Книга судьбы — страница 3 из 4

Колонна выехала из распадка и вышла на финишную прямую – уже был виден аэродром с рядами модулей пересыльного пункта. Миновав шлагбаум импровизированного КПП, колонна вошла в расположение пункта постоянной дислокации.

Ротный принял доклады подчиненных командиров, отдал какие-то распоряжения и сел на обочине возле БТРа. Бойцы неторопливо выгружались, чтобы после приема пищи и короткого отдыха выдвинуться обратно. Лейтенант Латаев продолжал одиноко сидеть на броне, пока к нему не подошел ротный. Старший лейтенант подергал его за штанину и сухо скомандовал:

– К машине. Приехали.

Сергей спрыгнул вниз, жестом остановил собирающегося уходить ротного и попросил:

– Петрович, построй людей. Пожалуйста.

Старший лейтенант, как будто догадавшись, для чего это необходимо, остановил проходящего мимо сержанта и распорядился:

– Быстренько, вот тут в две шеренги.

Сержант тут же лениво продублировал протяжным голосом:

– Рота, строиться…

В полной тишине, нарушаемой только бряцаньем оружия, бойцы неторопливо построились, и десятки холодных взглядов устремились на Латаева. У Сергея на глаза навернулись слезы, но он нашел в себе силы и произнес:

– Мужики, извините меня, пожалуйста, я не знаю, что на меня нашло… Знаете ведь… я ведь никогда…

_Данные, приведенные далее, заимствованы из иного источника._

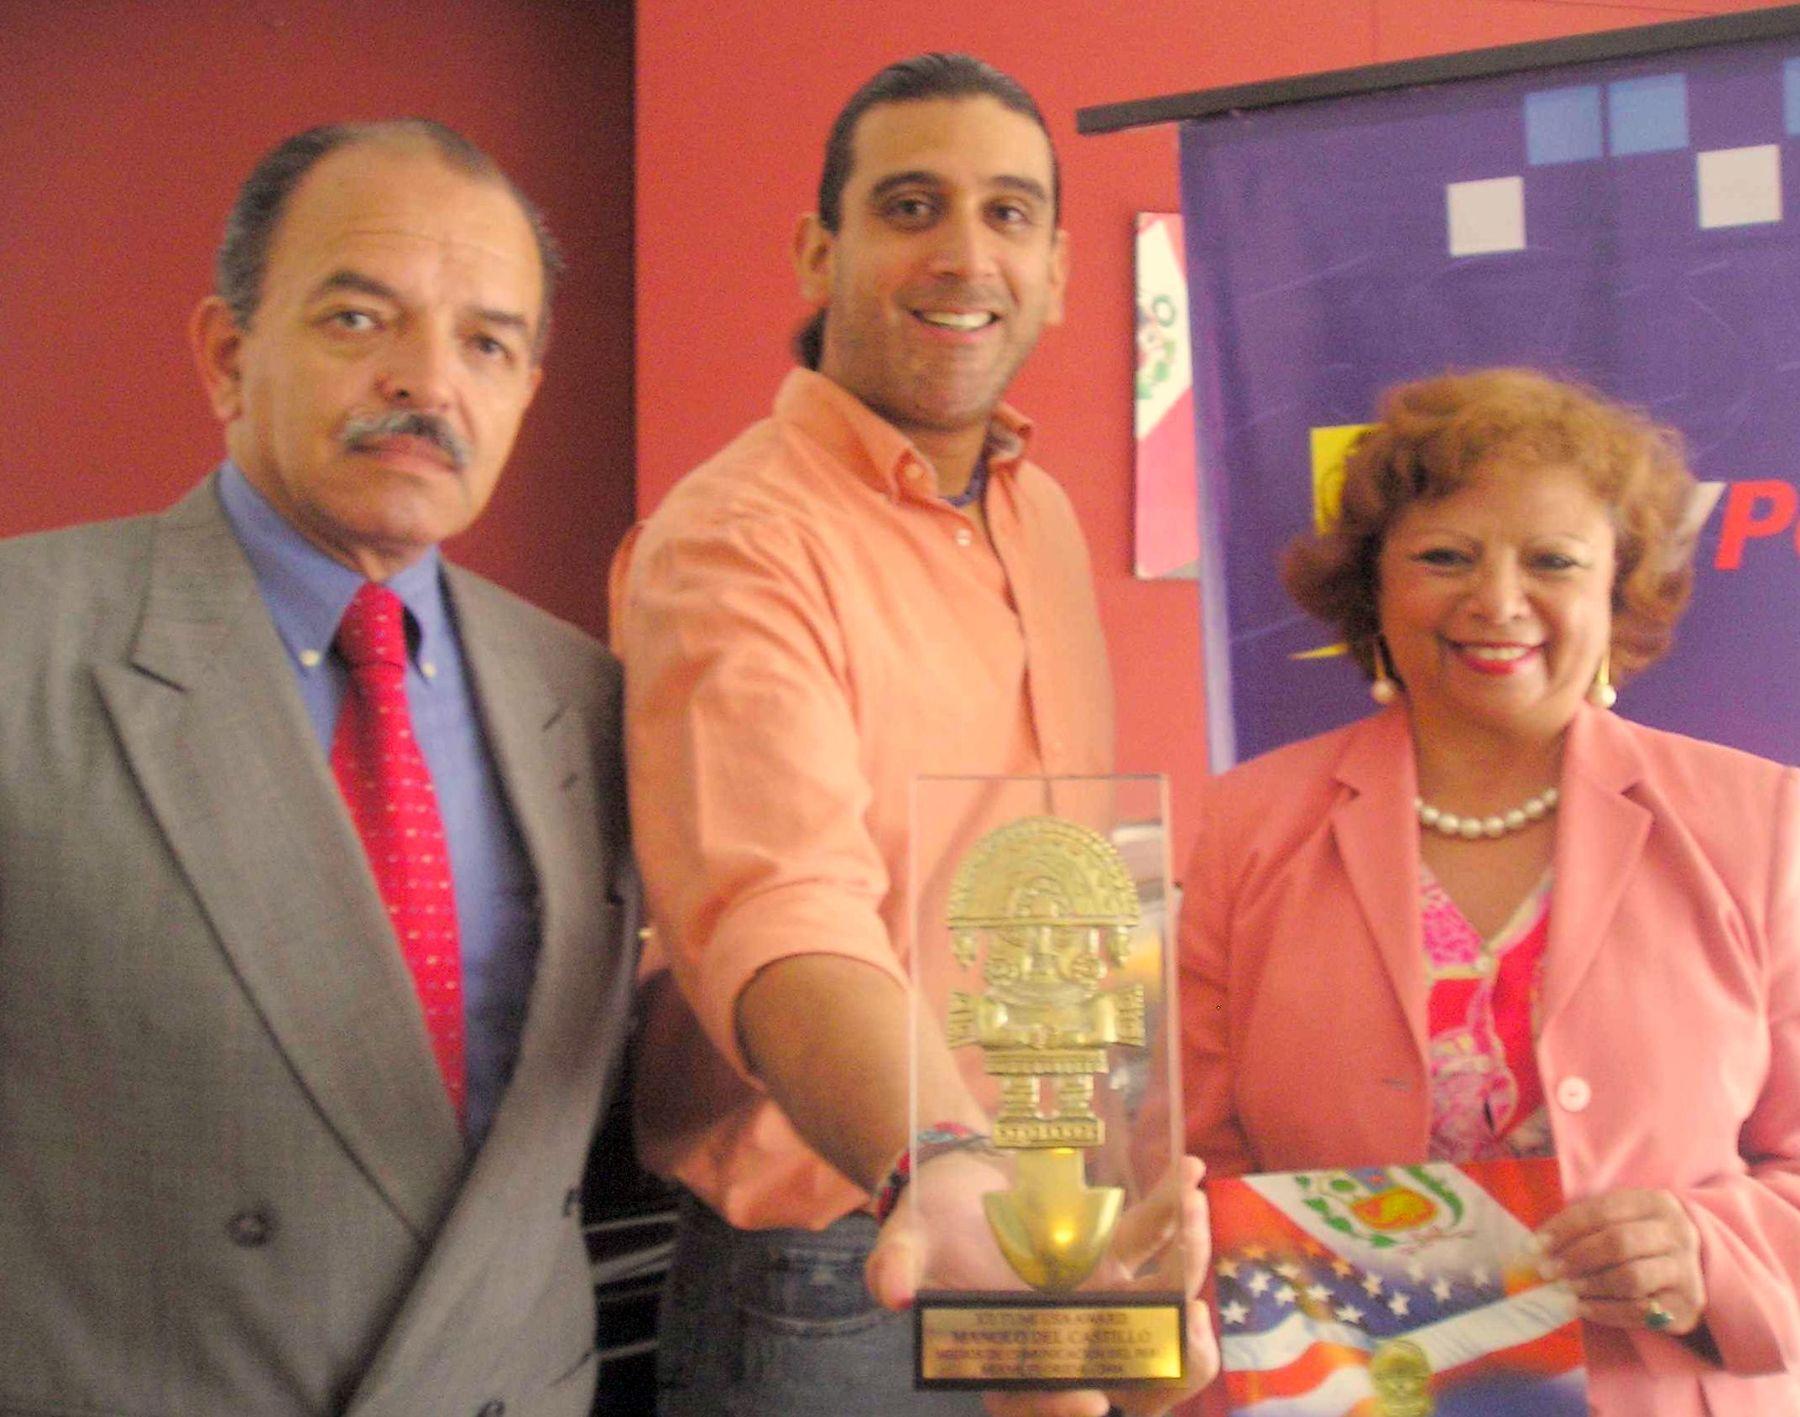 Ceremonia. Manolo junto a directores de Tumi USA Award.

Его прервал оживленный гомон, пробежавший по строю, и по обрывкам фраз Сергей понял, что его простили. Повеселевший ротный пожал ему руку и сказал:

– Видать, рано ты, Сергей Иванович, себя отпускником почувствовал. Напрягись. И расслабься, только когда выползешь из самолета в Ташкенте.

– Есть, – небрежно козырнул обрадованный Сергей: – Только вот не повезло на этот раз. Подвела интуиция, влипли слегка.

– Как знать, как знать, – прервал его незнакомый голос за спиной. – Извините, товарищ старший лейтенант, – это вмешался прапорщик с пересыльного пункта. – Только что сообщили… Почтовый вертолет разбился при взлете. Редуктор заклинило. Шесть «двухсотых», включая экипаж. Так что везунчик вы, товарищ лейтенант. Вы ведь с ним должны были прилететь?

Чья-то невидимая и твердая рука продолжала вести его как по написанному…

* * *

Николай Харитонович, сидя за рабочим столом, перечитывал очередной подготовленный кусок романа. Прошло уже почти три месяца с тех пор, как началась эта странная работа над не менее странным произведением. За это время Бессонов понял, что написанные им отрывки приходили к нему не в порядке очередности развития сюжета, поэтому их приходилось составлять и состыковывать, как мозаику. Эту работу приняла на себя жена Ольга.

Большая часть романа находилась сейчас на прочтении у Кудеярова, и сегодня он должен был вынести свой критический вердикт. По всей видимости, дело шло к концу, оставалось несколько провалов в сюжете, которые необходимо было восполнить. Окончание было уже готово.

Бессонов перечитал рукопись, выдвинул верхний ящик стола и достал оттуда суровую нитку и шило. Затем выровнял кипу листов, аккуратно зажал их струбциной в специальный станок и принялся старательно прошивать. Кудеяров должен был появиться с минуты на минуту. Николай Харитонович сильно волновался: мнение Кудеярова для него много значило, причем такое волнение после написания произведения он испытывал впервые.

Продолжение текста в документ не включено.